7. Измерение синаптического переноса частиц в BSLB

  1. Откройте FCS-файлы эксперимента. Выберите популяцию клеток и BSLB на основе их боковых и передних областей рассеяния света (SSC-A против FSC-A), как показано на рисунке 3B (i).
  2. Выберите события в окне непрерывного сбора (рисунок 3B (ii)).
  3. Сосредоточьтесь на единичных событиях как ячеек, так и BSLB; идентифицировать одиночные ячейки сначала на основе низкого W в последовательных затворах FSC-W/FSC-H (синглеты-1, рисунок 3B панель (iii)) и SSC-W/SSC-H (синглеты-2; Рисунок 3В панель (iv)). Определите дополнительный затвор singlets-3, выбрав события с пропорциональными FSC-A и FSC-H (рисунок 3B, панель (v)).
  4. Извлеките МФО из фракций MESF заготовки и от 1 до 4 и из отдельных клеток и MESF для каждого экспериментального образца.
  5. Генерация скорректированных значений MFI (cMFI) для фракций MESF от 1 до 4 путем вычитания MFI пустой популяции бусин из каждой дроби.
  6. Генерация cMFI для отдельных BSLB и ячеек (см. рисунок 3C панели (i)).
  7. Используйте сигнал от BSLB, окрашенный контрольными антителами изотипа, для коррекции MFI BSLB, окрашенного антителами, против соответствующих маркеров Т-клеток. Используйте cMFI для расчета нормализованного процента синаптического переноса (NST%) с помощью уравнения, показанного на рисунке 3C панели (ii).
  8. Если вас интересуют частицы, специально передаваемые в ответ на срабатывание TCR, вычтите сигнал из нулевых BSLB из MFI агонистических BSLB. Используйте этот cMFI для расчета NST%, управляемого TCR , используя уравнение, показанное на рисунке 3C панели (ii).
  9. Если вы заинтересованы в определении общего количества молекул, передаваемых в качестве груза частиц через интерфейс Т-клетка-BSLB, приобретите эталонные шарики MESF, используя те же настройки прибора и сеанс сбора для кокультур Т-клеток-BSLB.
  10. Анализ популяций шариков MESF и извлечение их цМФИ, как указано на этапах протокола 5.8.15-5.8.17. Рассчитайте наклон линии, наиболее подходящей для регрессионного анализа MESF над cMFI.
  11. Используйте рассчитанный наклон для извлечения количества MESF, нанесенных на BSLB. Используйте cMFI, рассчитанные с использованием либо элементов управления изотипом, либо нулевого BSLB в качестве пробелов, чтобы извлечь количество MESF, переданных специально стимулирующим BSLB.
  12. Рассчитать количество молекул маркеров, перенесенных в BSLB, разделив рассчитанные (средние) MESF на BSLB на значение F/P количественного антитела.

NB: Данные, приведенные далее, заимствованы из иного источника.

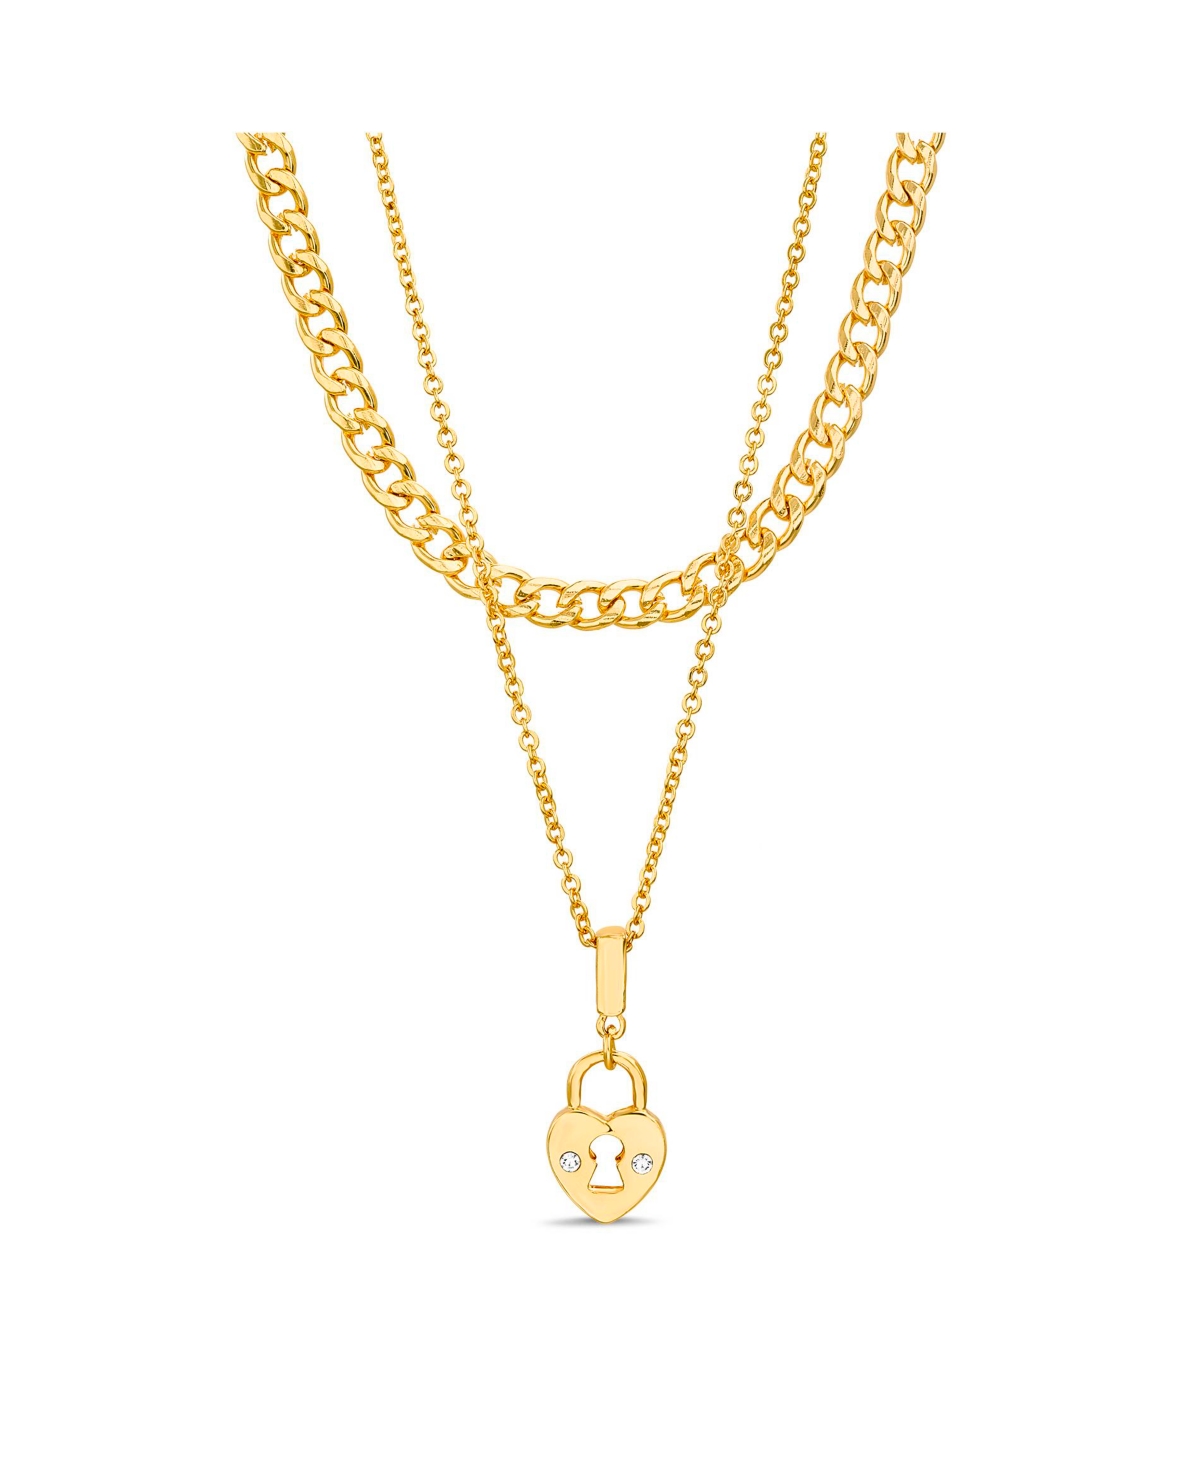 Rhinestone Double Layered Heart Lock Necklace Set - Yellow Gold-Tone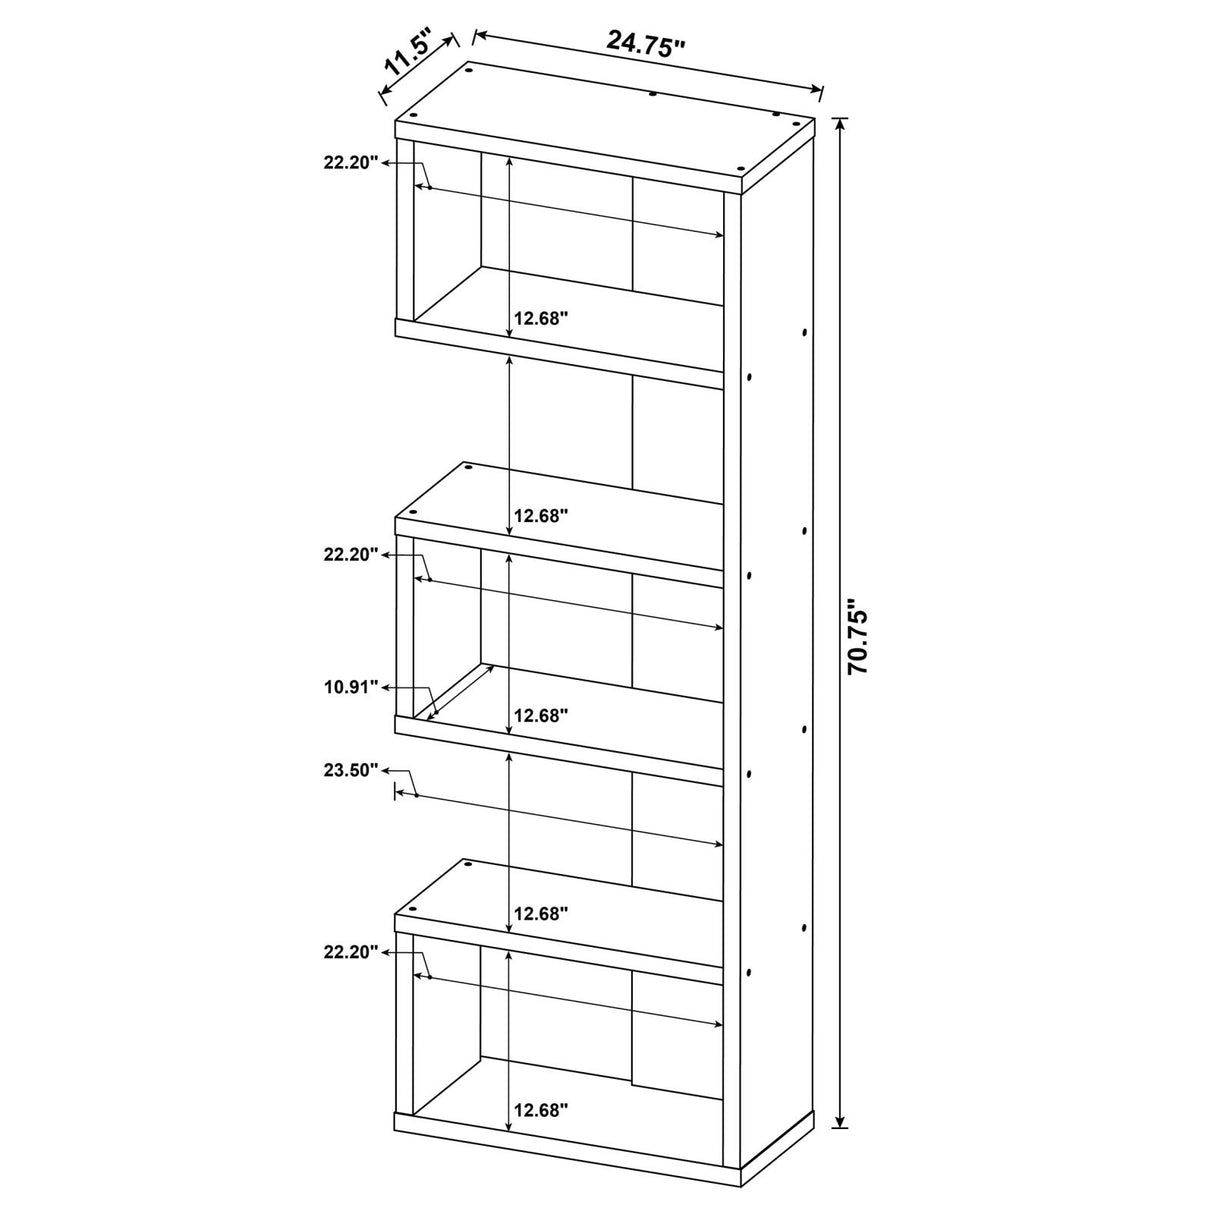 Joey 5-tier Bookcase Weathered Grey - 800552 - Luna Furniture

Access restricted. Please log in or start a trial to view this content.

Результаты

FCM для абсолютной количественной оценки белка на поверхности клетки
Восстановление BSLB, представляющих физиологические плотности лигандов, требует оценки общей плотности белка на моделируемом подмножестве клеток. Для восстановления BSLB включите любой соответствующий лиган...

Access restricted. Please log in or start a trial to view this content.

Обсуждение

BSLB являются универсальными инструментами для изучения выхода твердых частиц Т-клеток, стимулируемых модельными мембранами APC. Гибкость метода позволяет воссоздать сложные и редукционистские мембранные композиции для изучения влияния лигандов и их сигналов на секрецию tSV и частиц суп...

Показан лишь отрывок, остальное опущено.